Submission of research data from human subjects
For all data from human subjects researches submitted to DDBJ, it is
submitter’s responsibility to ensure that the dignity and the right of
participant (human subject) is protected in accordance with all
applicable laws, regulations and policies of submitter’s institute.
In principle, make sure to remove any direct personal identifiers of human subjects from your submissions.
Before submission, read “Submission of research data from human subjects”.
What is MSS?
Mass Submission System (MSS) is the service to accept relatively large
scale nucleotide sequence data (not reads) through sending text files.

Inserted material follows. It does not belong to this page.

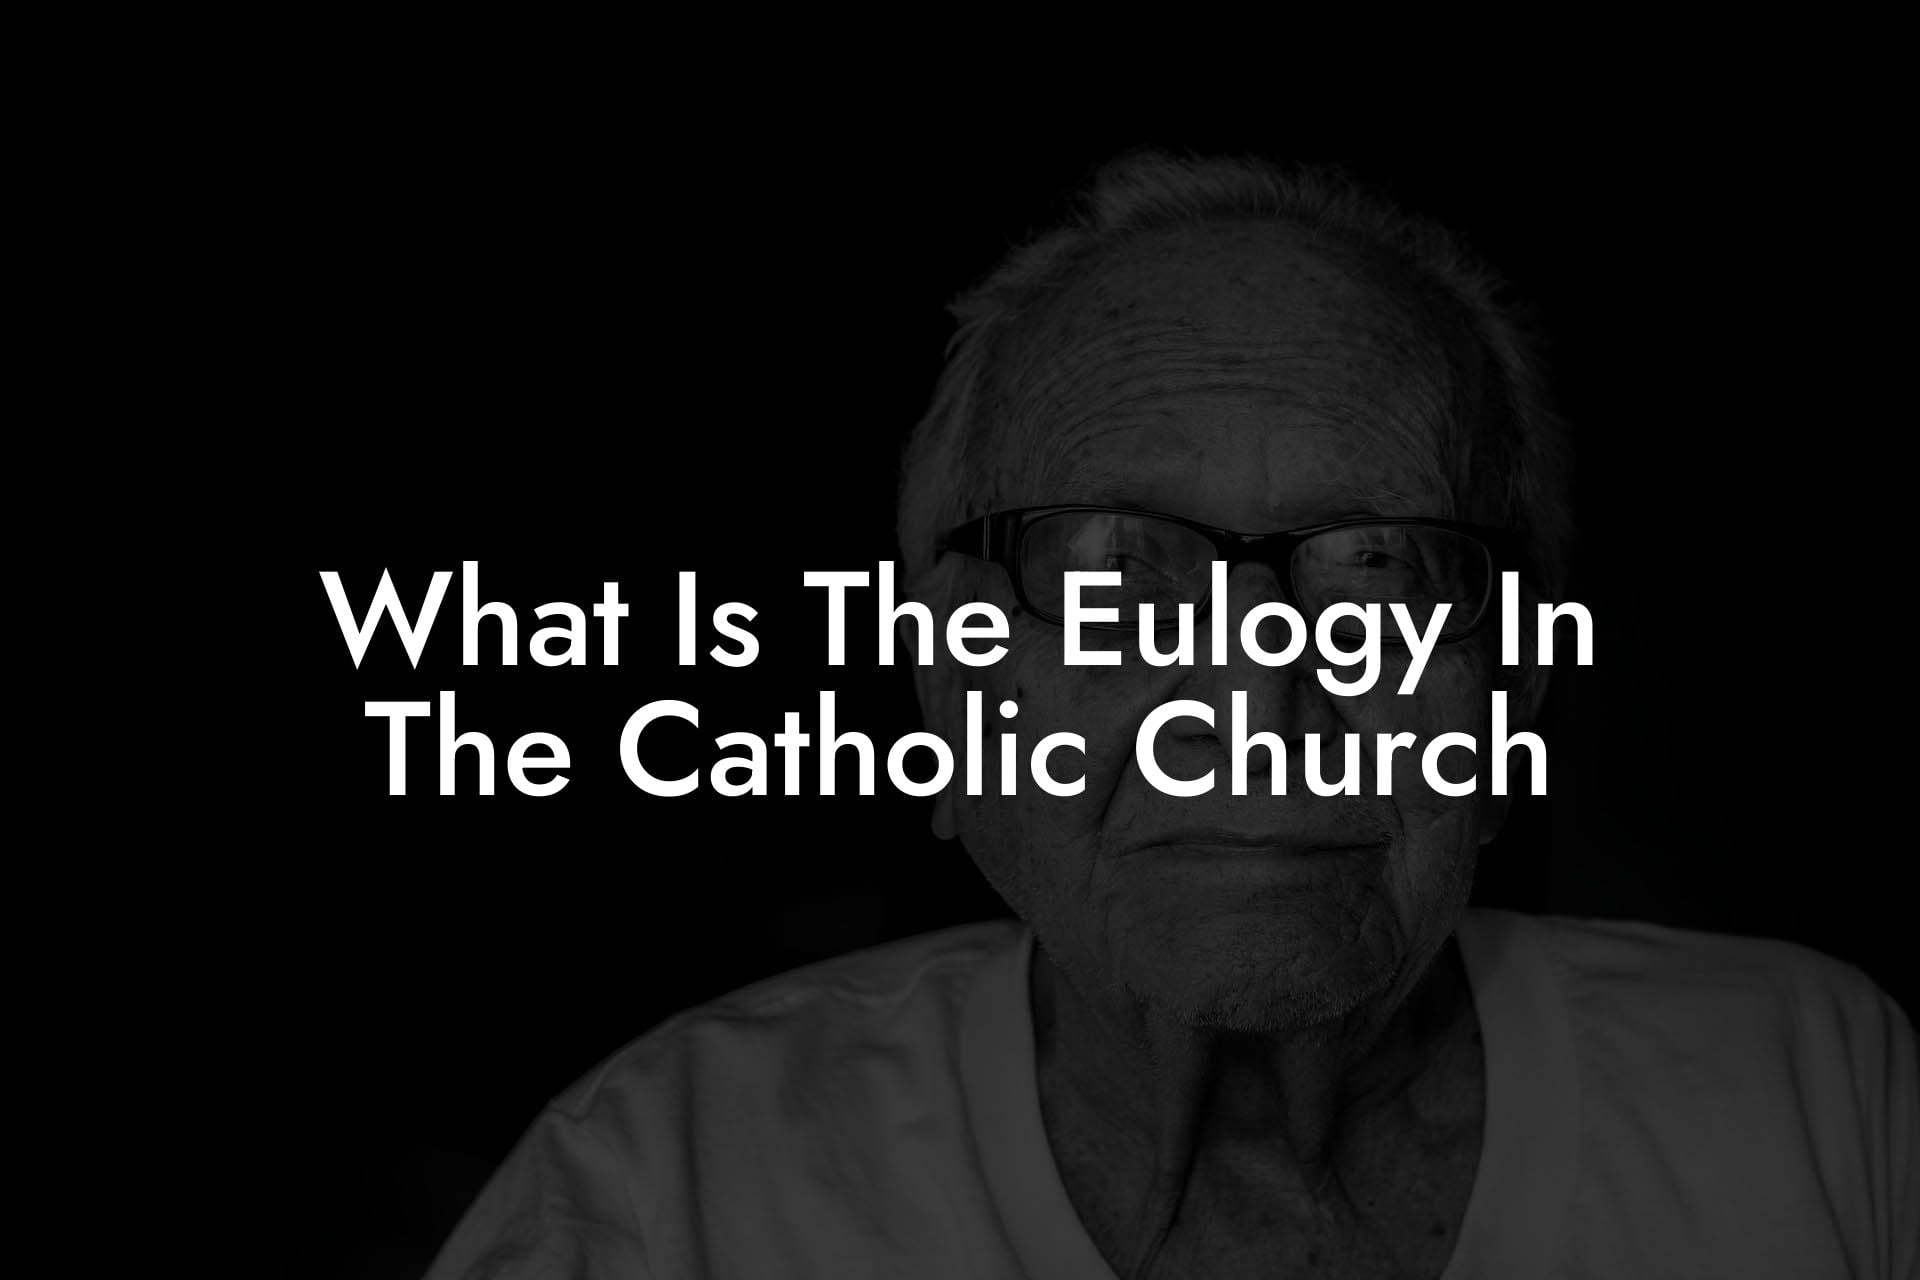 What Is The Eulogy In The Catholic Church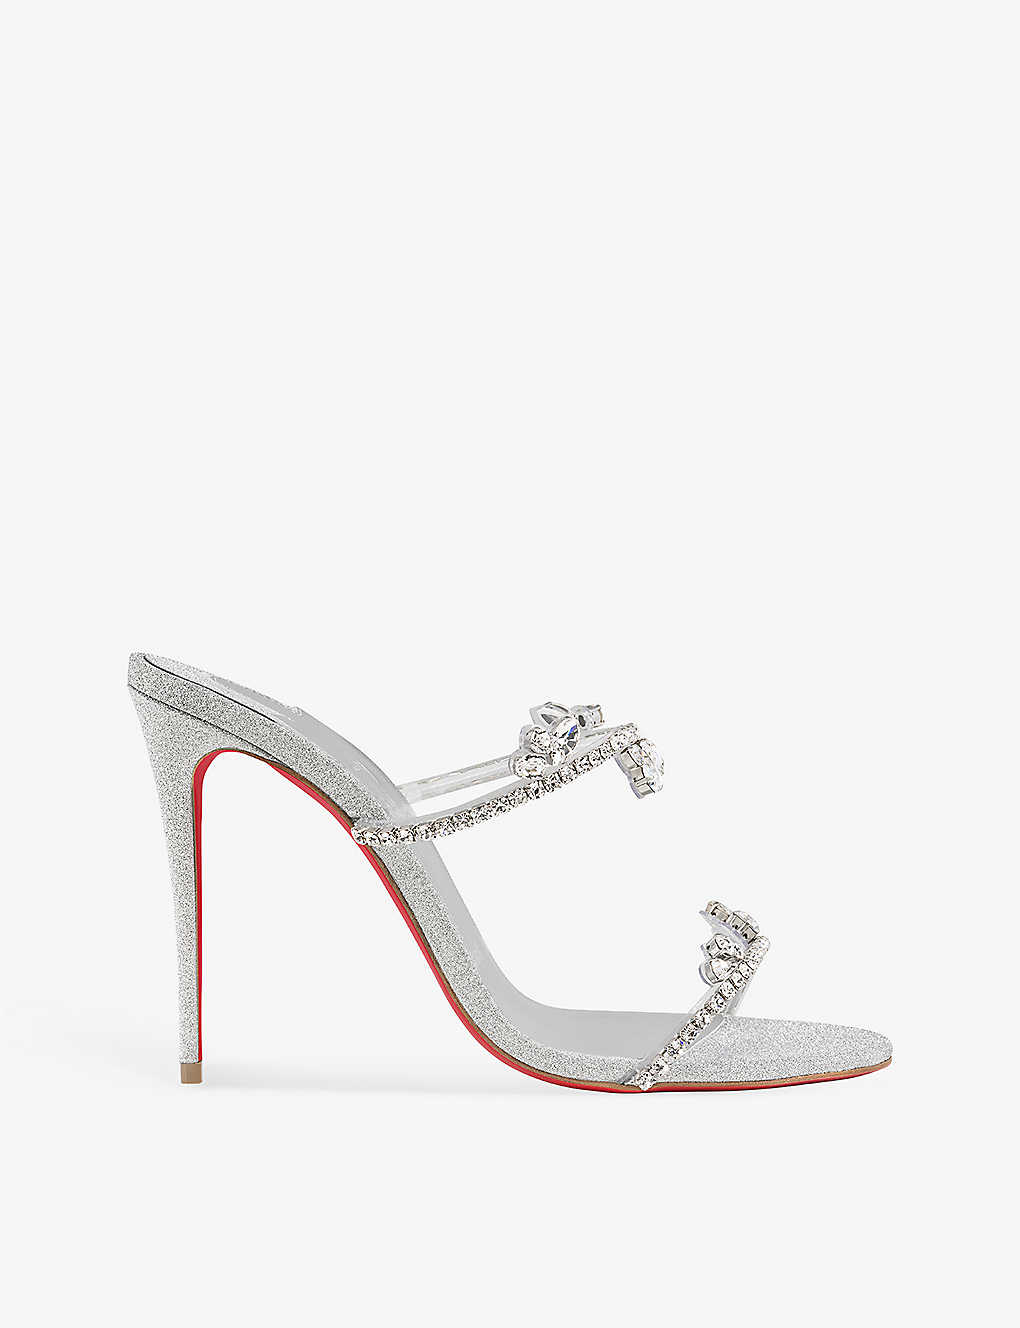 Christian Louboutin Just Queen 100 Crystal-embellished Pvc Mules In Silver/cry/lin

We at DDBJ recommend using MSS when:
- the submission is not applicable for Nucleotide Sequence Submission
→ EST, STS, TSA, HTC, GSS, HTG, WGS, CON, TLS
- the submission with long sequences.
→ greater than 500 kb in its length
- the complex submission containing many features
→ more than 30 features
- the submission consists of large number of sequences.
→ When number of sequences is greater than 1024, you have to submit two or more times via NSSS
Otherwise, DDBJ recommends using the DDBJ Nucleotide Sequence Submission System (NSSS) .
The Flow of MSS
Please apply for your submission through “Application form for MSS”. According to your application, DDBJ MSS sends you how to use MSS via an email.
Preparation for sequence data submission
- whole genome-scale sequence:
- transcriptome: TSA (Transcriptome Shotgun Assembly) and EST.
- TLS (Targeted Locus Study)
Description of annotation
- For whole genome-scale sequence, it is optional to describe biological features except source and assembly_gap. However, in case of highly novel species, i.e. not available any sequence data, it is required to describe feature annotation for at least one genome as a representative.
- If you decide to submit a genome with annotation, it is required to reserve locus_tag prefix on BioSample submission.
- For feature annotation of prokaryotic genome, we recommend to use DFAST (DDBJ Fast Annotation and Submission Tool)
- For TSA data, it is optional (basically unnecessary) to describe biological features except source and assembly_gap.
- In the case of EST, you can not describe any biological features except source.
2. Make submission files
Submission files required for MSS
Prepare following files required to submit your sequence data.
- Sequence file
- The text file that contains all nucleotide sequences in FASTA-like format.
- Details : Submission file format：Sequence file.
- Annotation file
- The tab delimited text file that contains your data other than sequences, such as submitters, references and biological features.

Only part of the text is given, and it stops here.